* _Given material_
+--

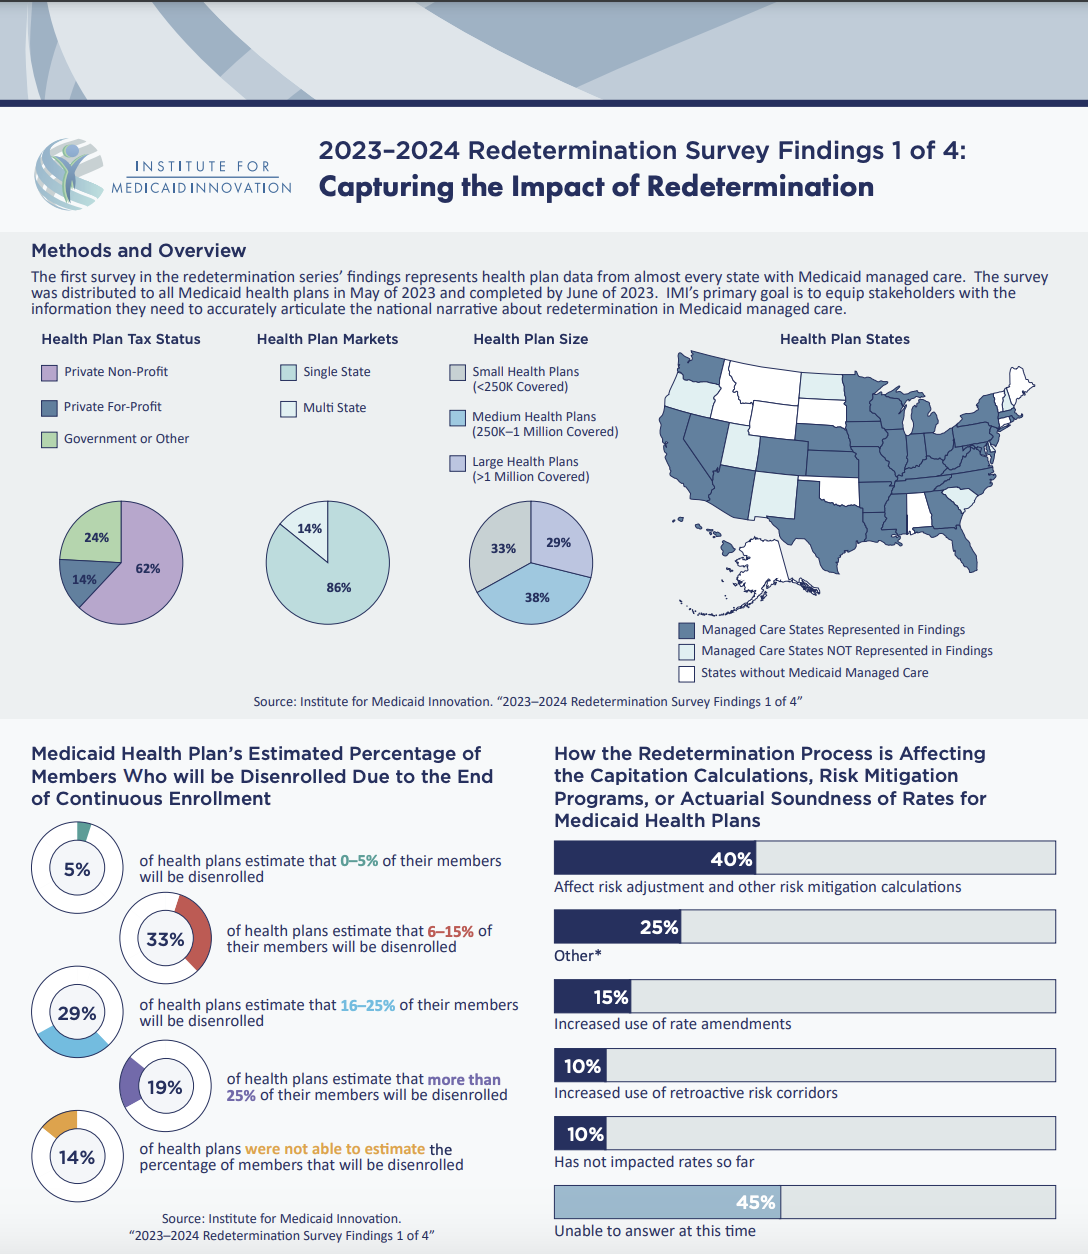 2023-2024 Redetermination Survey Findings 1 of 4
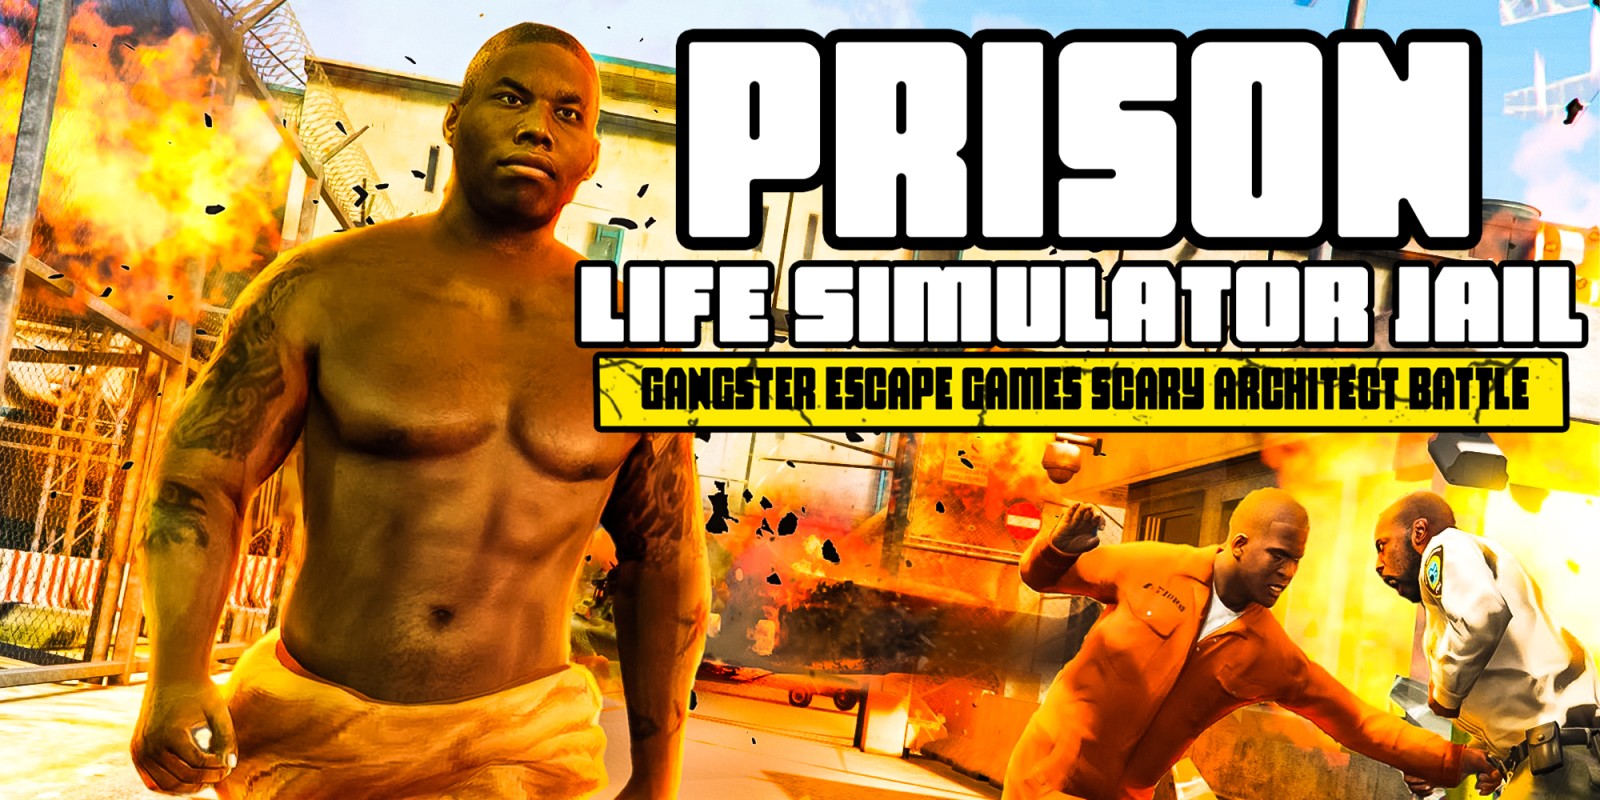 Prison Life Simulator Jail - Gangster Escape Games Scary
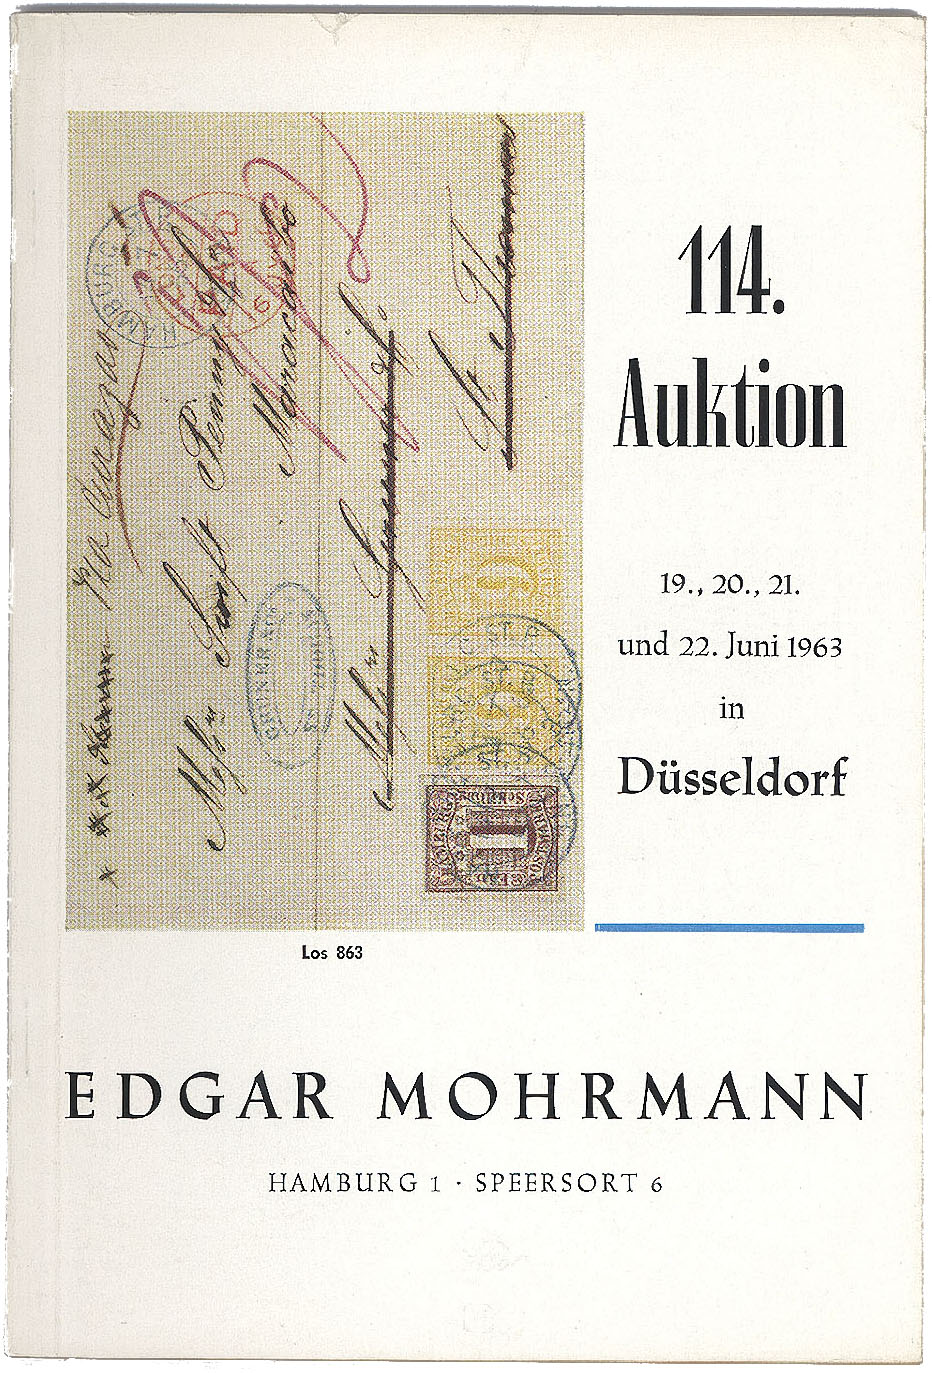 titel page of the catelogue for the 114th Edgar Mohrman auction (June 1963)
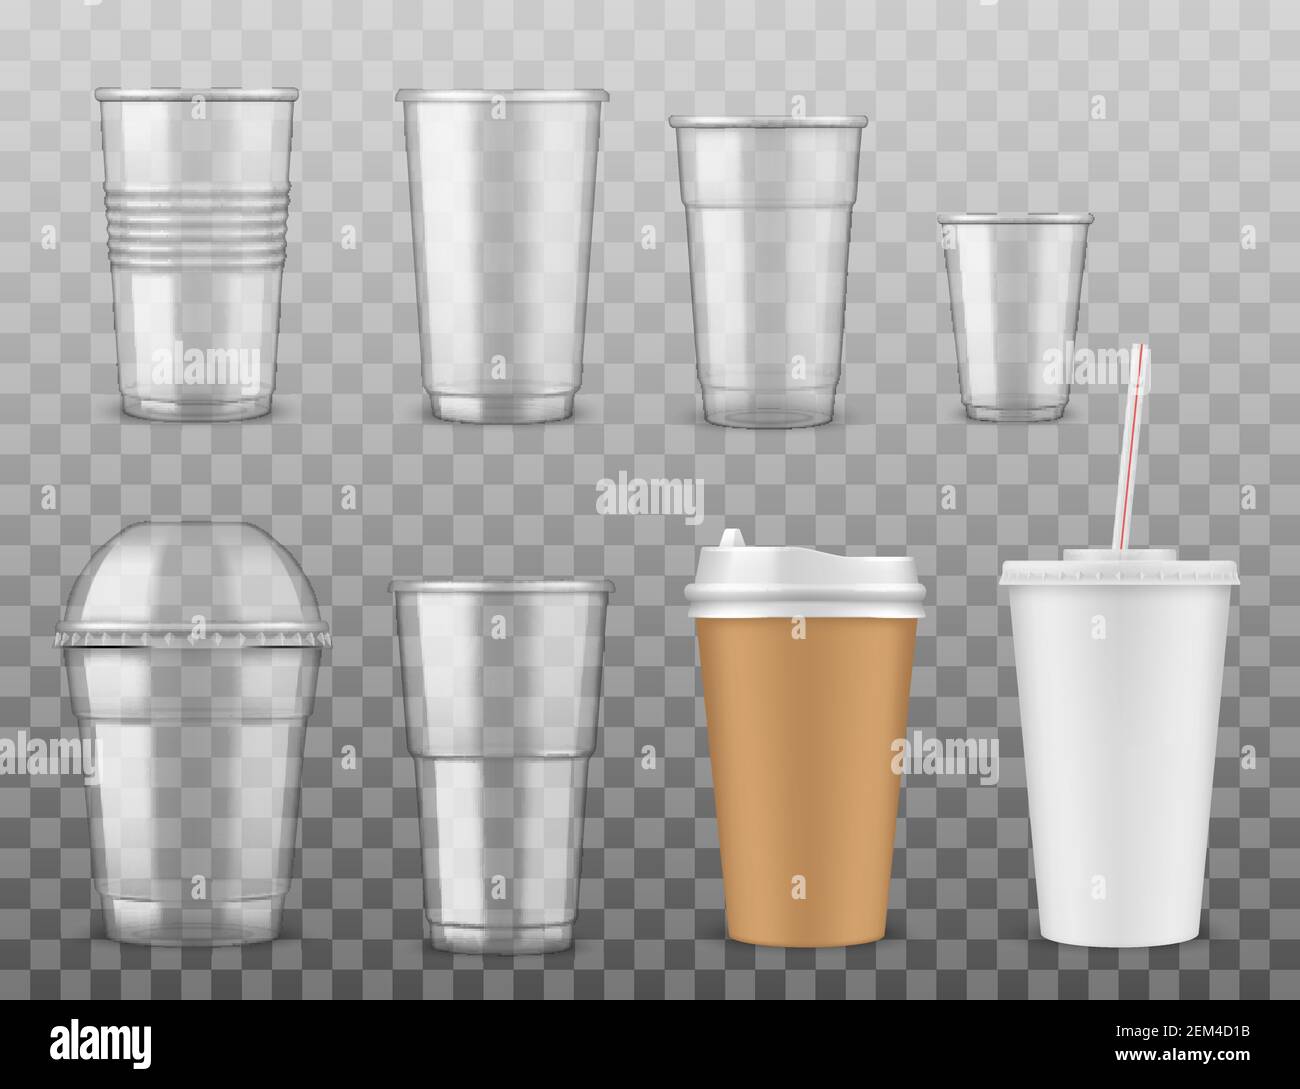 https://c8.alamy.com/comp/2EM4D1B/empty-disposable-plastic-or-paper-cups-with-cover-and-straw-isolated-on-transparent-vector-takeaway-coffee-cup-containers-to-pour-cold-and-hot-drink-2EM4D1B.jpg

+--

* _Exercise aim_
Precisely the lines from the one containing "Prison Life Simulator" to the end of the data above, both included, should be printed; leave the pictures out.

* _Task output_
 Prison Life Simulator Jail - Gangster Escape Games Scary
 titel page of the catelogue for the 114th Edgar Mohrman auction (June 1963)
 https://c8.alamy.com/comp/2EM4D1B/empty-disposable-plastic-or-paper-cups-with-cover-and-straw-isolated-on-transparent-vector-takeaway-coffee-cup-containers-to-pour-cold-and-hot-drink-2EM4D1B.jpg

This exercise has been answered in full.